If Freely is what you’re after, the Manhattan Aero or the Netgem Pleio are the ones to look at. The T4-R is a different product for a different use case.

Netgem Pleio vs Manhattan Aero table
Netgem Pleio / Manhattan Aero

Manhattan Keeps Updating It

One thing worth acknowledging when assessing the T4-R’s value at any price is that Manhattan hasn’t abandoned it since launch. Far from it.

Since June 2024, the T4-R has received multiple significant software updates – fixing early bugs around standby modes and missed recordings, adding a web browser remote control, improving subtitle handling, fixing various recording and playback issues, and eventually adding YouTube.

That’s a meaningful track record of ongoing support for a device that, unlike a streaming box, doesn’t have a subscription model subsidising development.

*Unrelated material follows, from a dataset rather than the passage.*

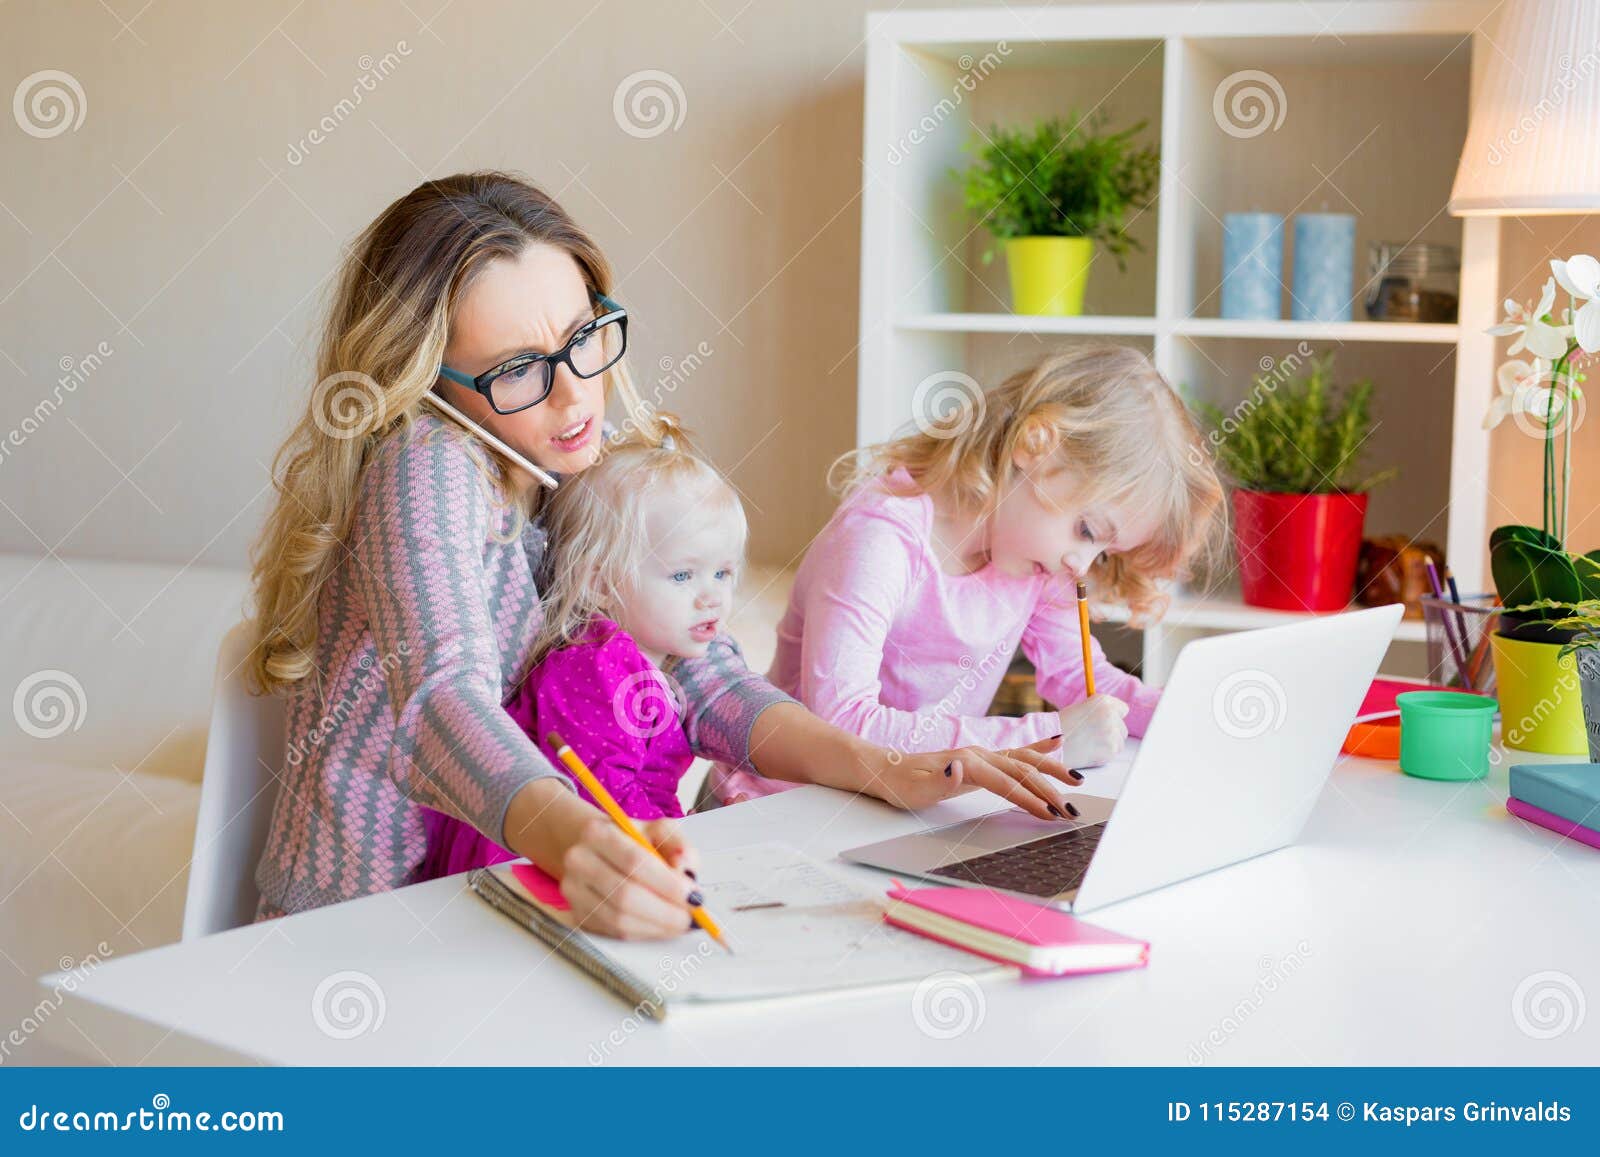 busy woman trying to work while babysitting two kids

You pay once, and Manhattan keeps improving it.

The Only Real Freeview Recorder Left Standing

The T4-R’s price rise comes in a market that has shrunk considerably over the past year.

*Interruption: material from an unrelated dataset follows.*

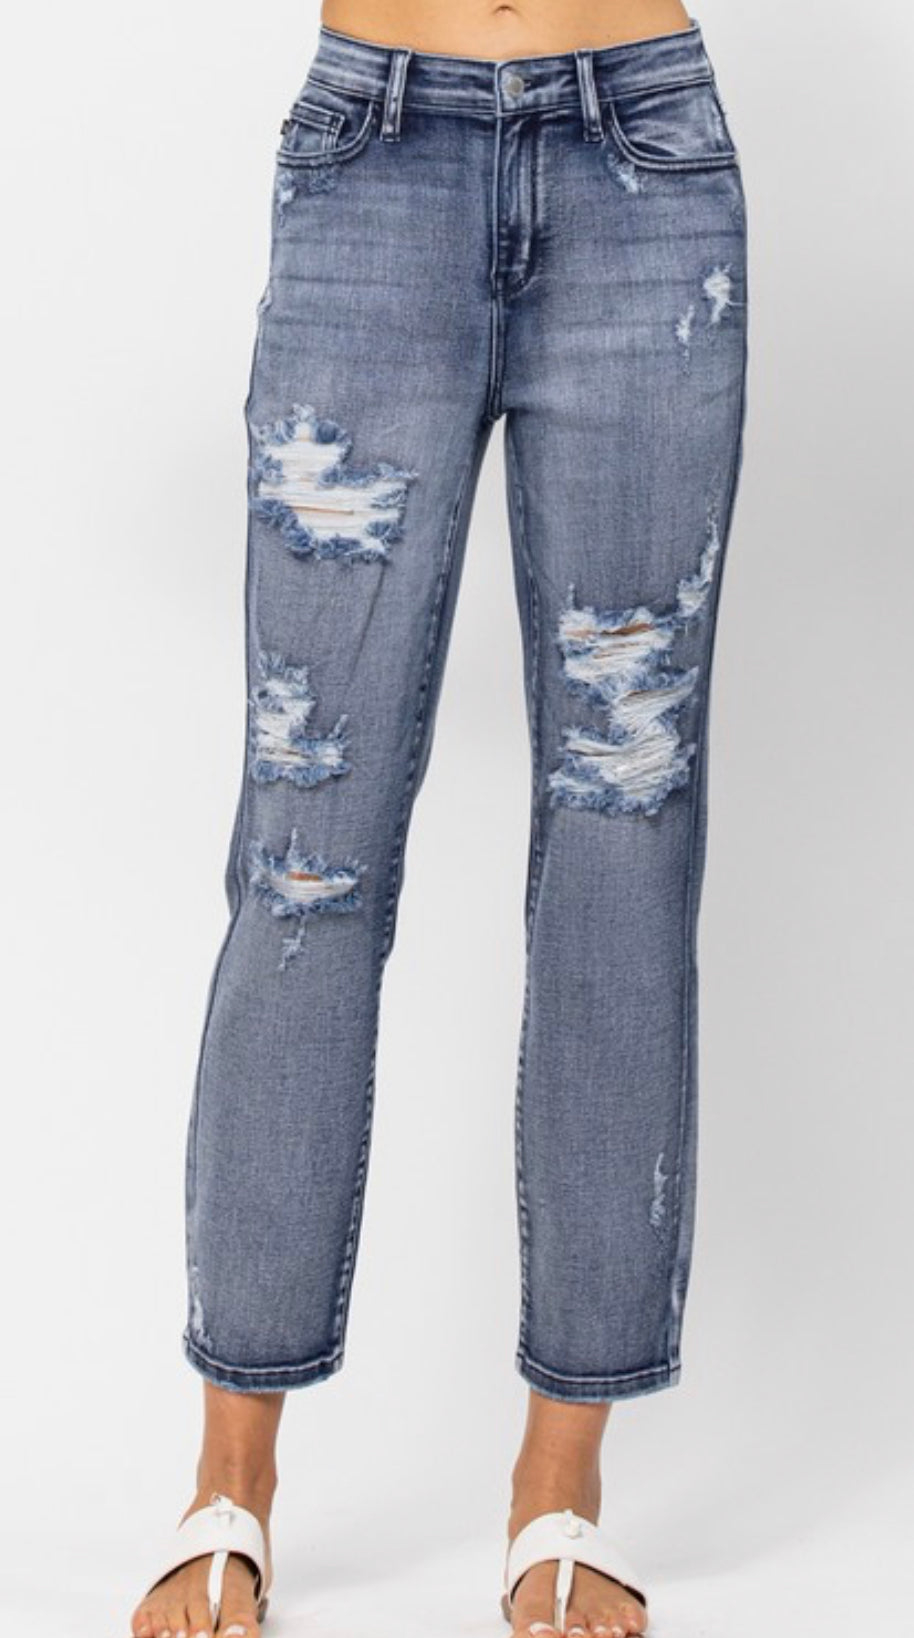 Judy blue jeans distressed Ashley

The Humax Aura – for years the T4-R’s main rival as a Freeview recorder with modern streaming capabilities – was discontinued in January 2026.

Humax Aura 4k freeview recorder on window
The Humax Aura Freeview Recorder

It had been a hybrid box running Android TV alongside Freeview Play, offering recording plus access to streaming apps including Disney+ and YouTube.

It was never quite as reliable as its ambitions suggested, and the major software overhaul Humax hinted at for years never materialised. But its absence leaves a real gap.

Humax’s replacement is the Aura EZ – but as we found in our review, it’s not ready to fill that gap yet. At £249, it combines aerial recording with Freely streaming, but it’s plagued by bugs, and has no third-party streaming apps whatsoever (no Netflix, Disney+, or Prime Video).

Humax Aura EZ box brown hero

We gave it 2.5 out of 5, and in its current state, it’s hard to recommend to anyone who relies on their recorder.

That leaves the T4-R in a curious position: it’s the only Freeview recorder on the market that actually works reliably, day in and day out.

There are a few devices that can record to a USB stick, but for viewers who record regularly, skip adverts, build content libraries, or simply want to watch on their own schedule rather than relying on catch-up windows, it remains the clear choice.

Is It Still Worth Buying?

At the new prices, the T4-R is still a good recorder – just a slightly less immediately compelling one than it was at launch. The 500GB model at £199.99 has taken the biggest hit, and at that price, it’s worth asking whether the extra £20 to the 1TB model at £219.99 makes more sense for most buyers.

For anyone planning to record regularly, the extra storage gives considerably more breathing room and better long-term value. The 2TB model at £239.99 remains the best option for heavy recorders – and with only a £10 increase from its previous price, it’s the most manageable of the three rises.

There is, though, a bigger question hanging over any Freeview recorder purchase right now – and it’s worth being honest about it.

Freeview isn’t going anywhere imminently. The aerial transmitter network has years of life left in it, and millions of households still rely on it daily.

But the direction of travel is clear: Freely is designed to eventually replace Freeview entirely, streaming is where the broadcasters are investing, and the government has been pushing for an IP switchover by the early 2030s.

In that context, buying a Freeview recorder in 2026 is a bit like buying a very good CD player in the early 2000s – still perfectly sensible for now, but with a built-in expiry date somewhere on the horizon.

That doesn’t make the T4-R a bad buy. If you record regularly, rely on your recorder, and aren’t ready to trust catch-up services to always have what you want when you want it – the T4-R does that job better than anything else currently available.

Just go in with realistic expectations: this is a device for the Freeview years that remain, not for the decade beyond them.